Take the material below and extract the lines from the one with "(Pre-Owned) Prince of" through the one with "a pink flamingo", word for word, without pictures.

[DATASET RECORDS Boundary: Start]

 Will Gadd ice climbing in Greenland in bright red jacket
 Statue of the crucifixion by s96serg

[DATASET RECORDS Boundary: End]
[DATASET RECORDS Boundary: Start]

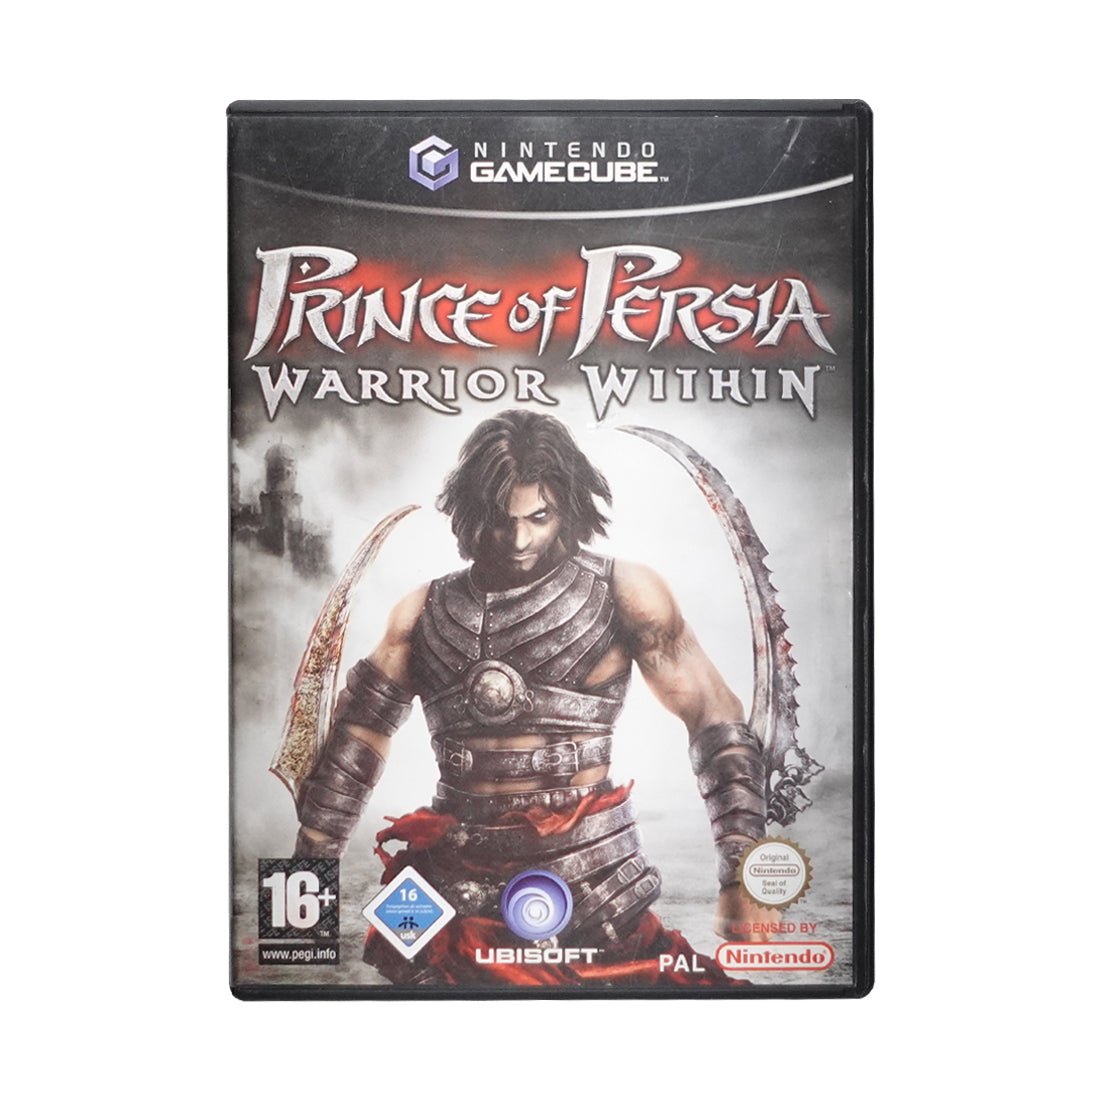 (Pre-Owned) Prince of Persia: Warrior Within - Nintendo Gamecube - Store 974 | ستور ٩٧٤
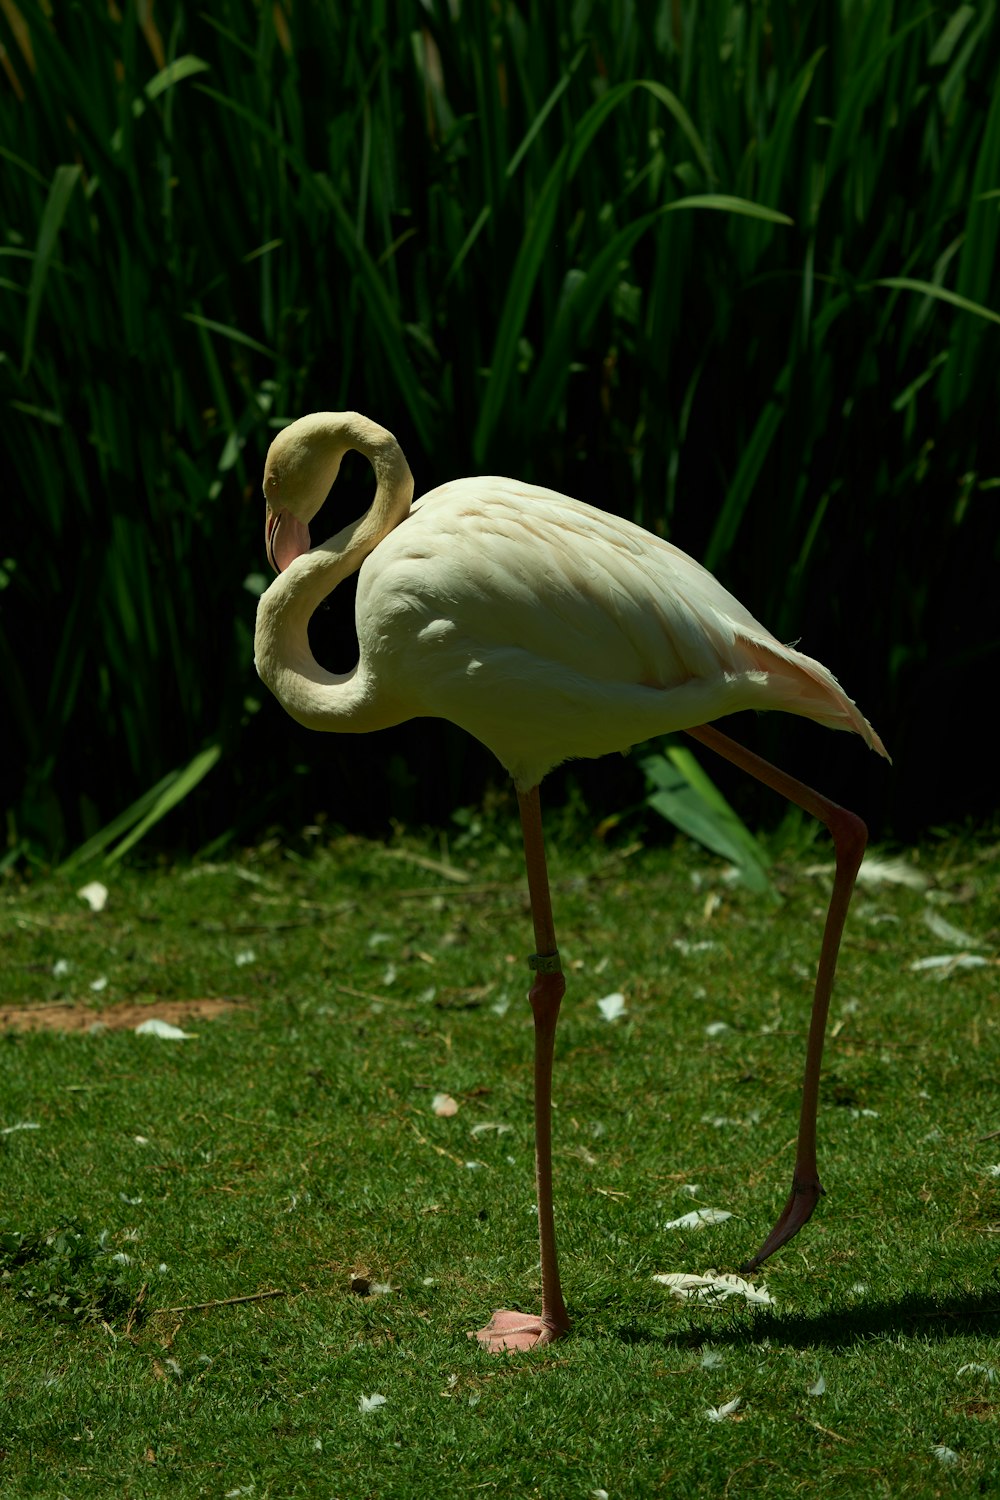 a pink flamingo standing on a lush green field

[DATASET RECORDS Boundary: End]
[DATASET RECORDS Boundary: Start]

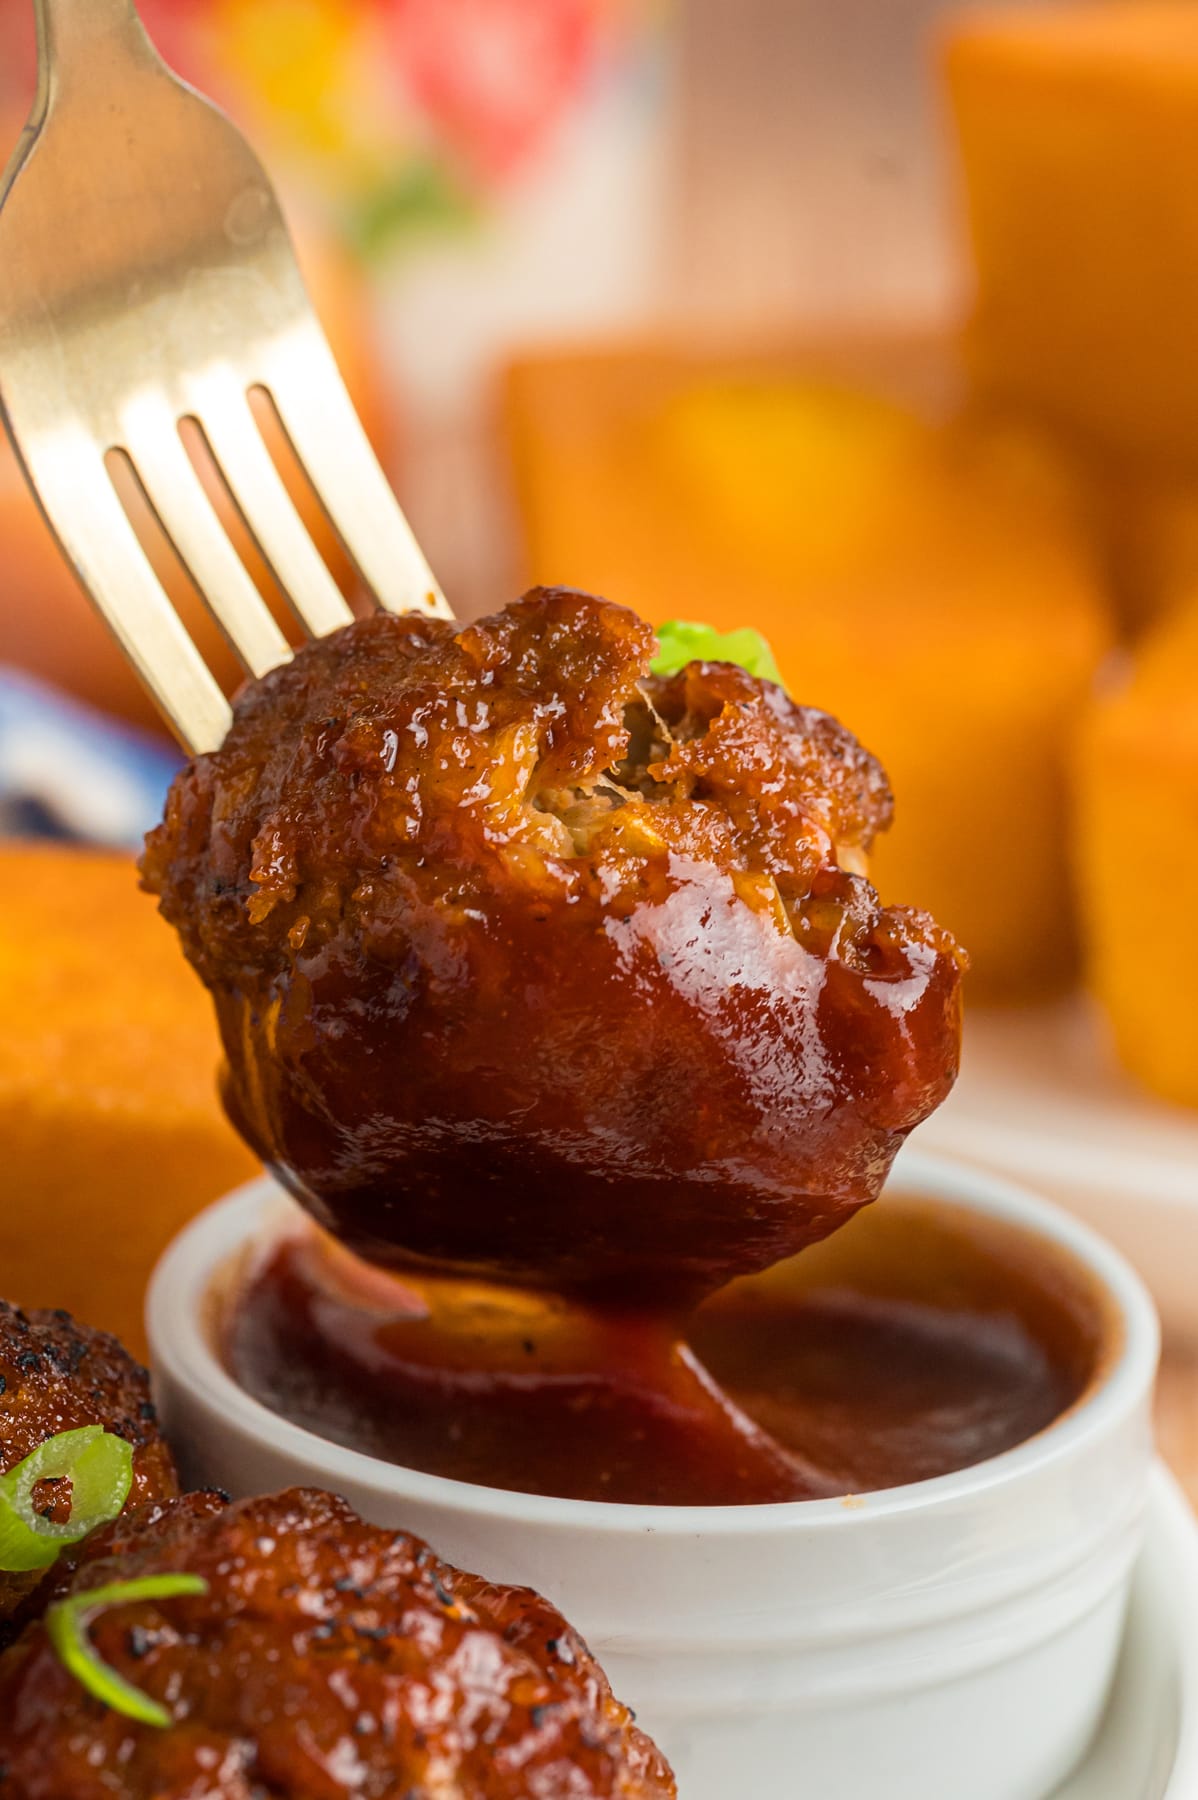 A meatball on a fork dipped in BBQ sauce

[DATASET RECORDS Boundary: End]

## TASK ANSWER
 (Pre-Owned) Prince of Persia: Warrior Within - Nintendo Gamecube - Store 974 | ستور ٩٧٤
 a pink flamingo standing on a lush green field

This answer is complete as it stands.